Most owners of printing and packaging companies are generally familiar with EBITDA, EBITDA multiples, and the effect they have on the valuation of their businesses. Because buyers of businesses in almost all industries (not just printing and packaging) use multiples of EBITDA to determine value, selling owners should make certain they also understand how EBITDA is calculated, what the multiples represent, and what it all means for the kinds of offers they are likely to receive.
EBITDA stands for earnings before interest, taxes, depreciation, and amortization. It essentially measures how much operating cash flow the business generates. Besides setting a baseline for valuation, this also gives the buyer a way to compare similar businesses by focusing on their underlying profitability.
A company’s EBITDA is calculated by taking net income and adding back interest expense, taxes, and the costs of depreciation and amortization. Also added back are any discretionary expenses the owner currently incurs, but will cease after the sale closes.

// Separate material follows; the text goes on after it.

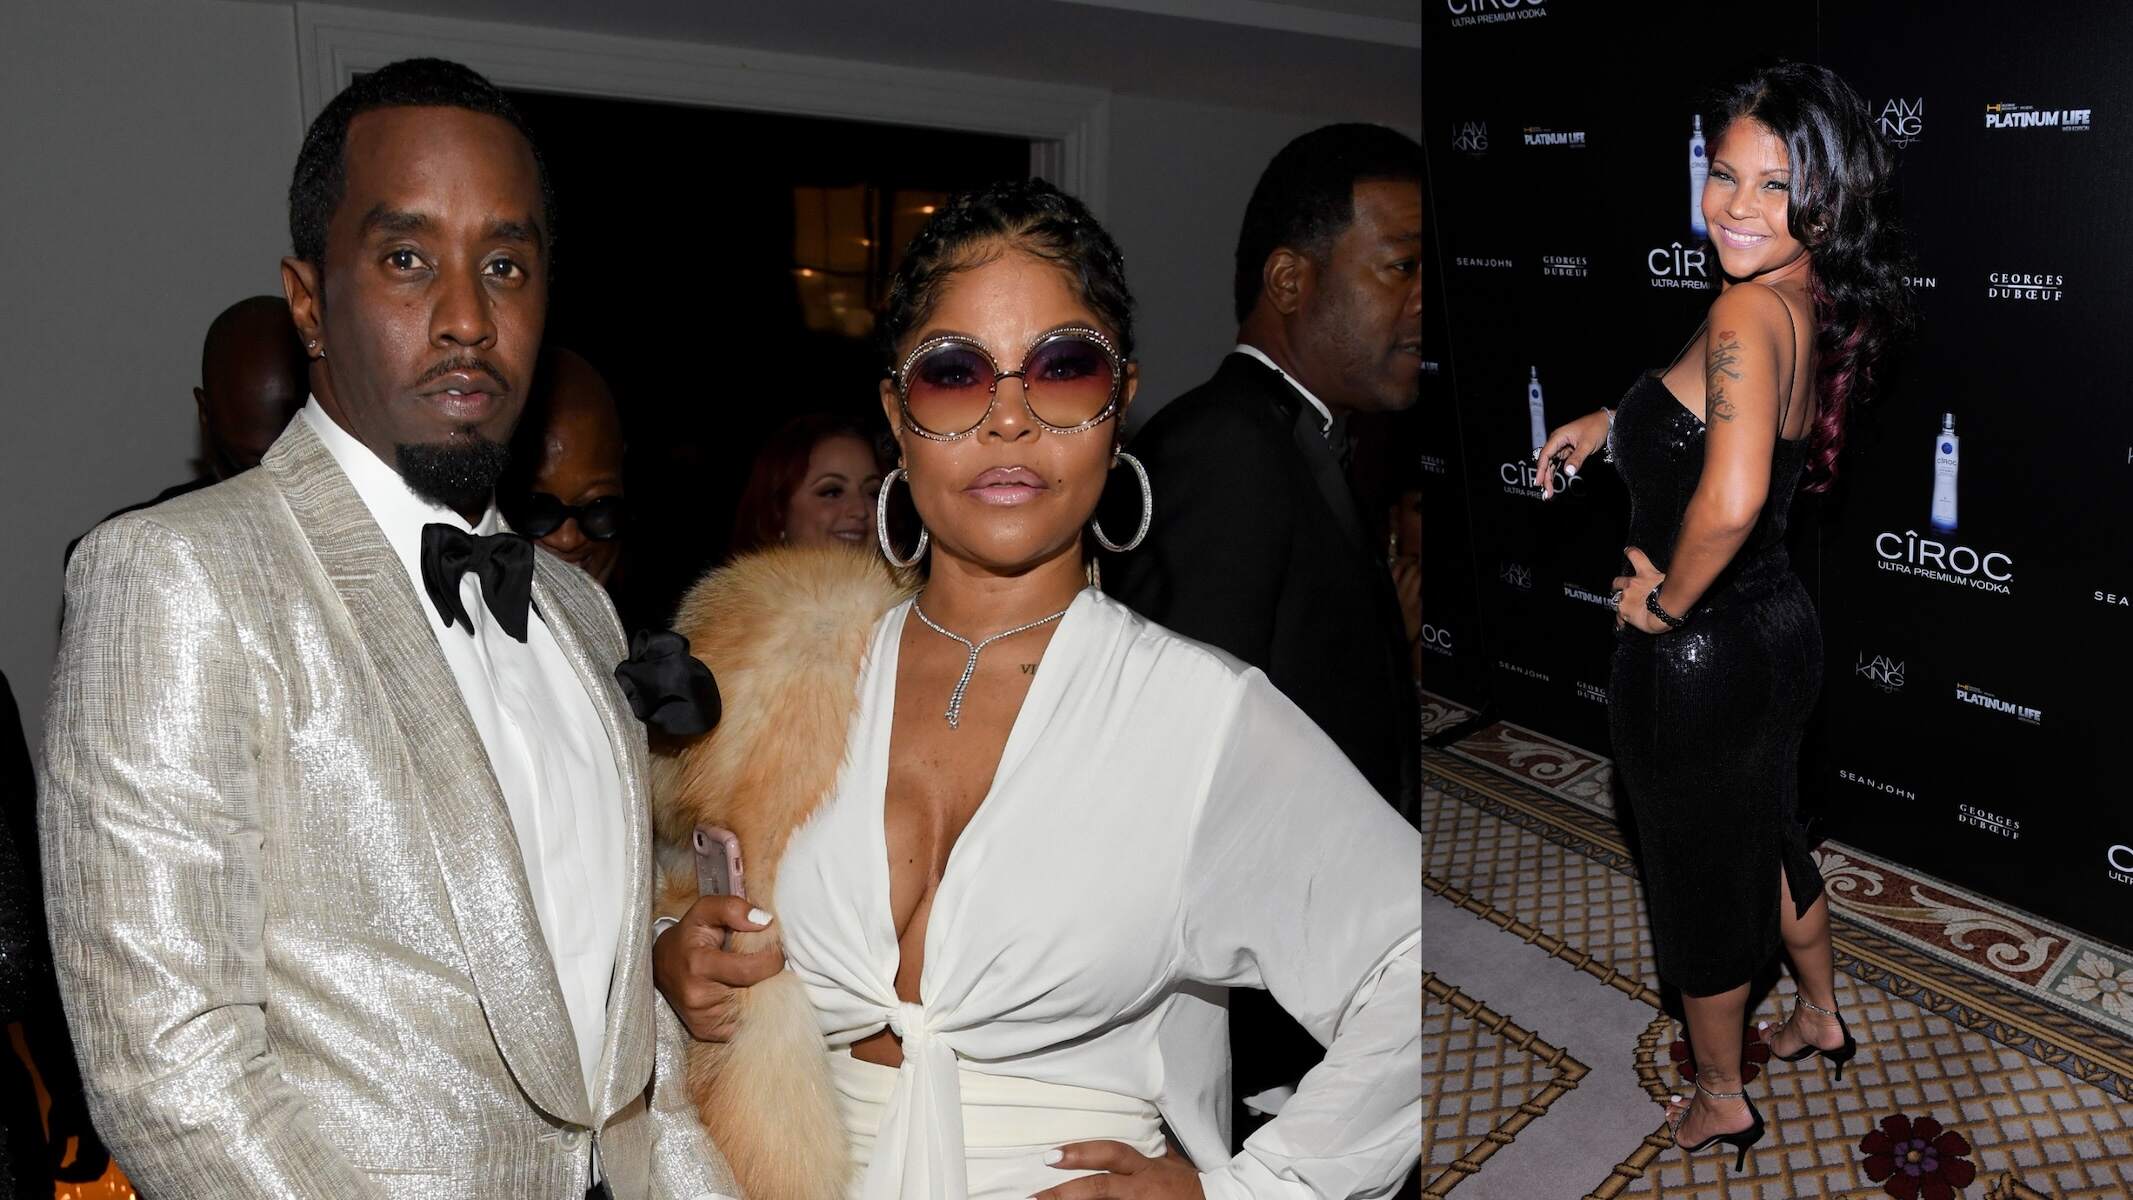 A photo of Diddy and Misa Hylton in white formalwear alongside a photo of Misa smiling in a black dress

Country club dues, company cars for personal use, and payments to non-participating family members are just a few of the many potential addbacks that are sometimes relevant in a privately-held business.
The buyer multiplies EBITDA that has been adjusted in this way to arrive at an offering price. The higher the multiple of EBITDA, the greater the size of the offer. Deciding what the multiple will be is where the process becomes somewhat subjective. While two companies might have similar EBITDA numbers, the multiples they attract could differ according to the types of businesses they are, the capabilities they have, the print markets they serve, and the age and efficiency of their equipment.
Two Qs of Decision-Making
The multiple reflects the buyer’s sense of which companies will be the most profitable to invest in. Buyers use both qualitative and quantitative measures to determine this. Qualitatively, customer loyalty, competition-proof specialties, and first-class management talent tend to attract higher multiples. Sales and earning growth, non-concentrated accounts, and critical mass within a market are among the quantitative factors buyers want to see.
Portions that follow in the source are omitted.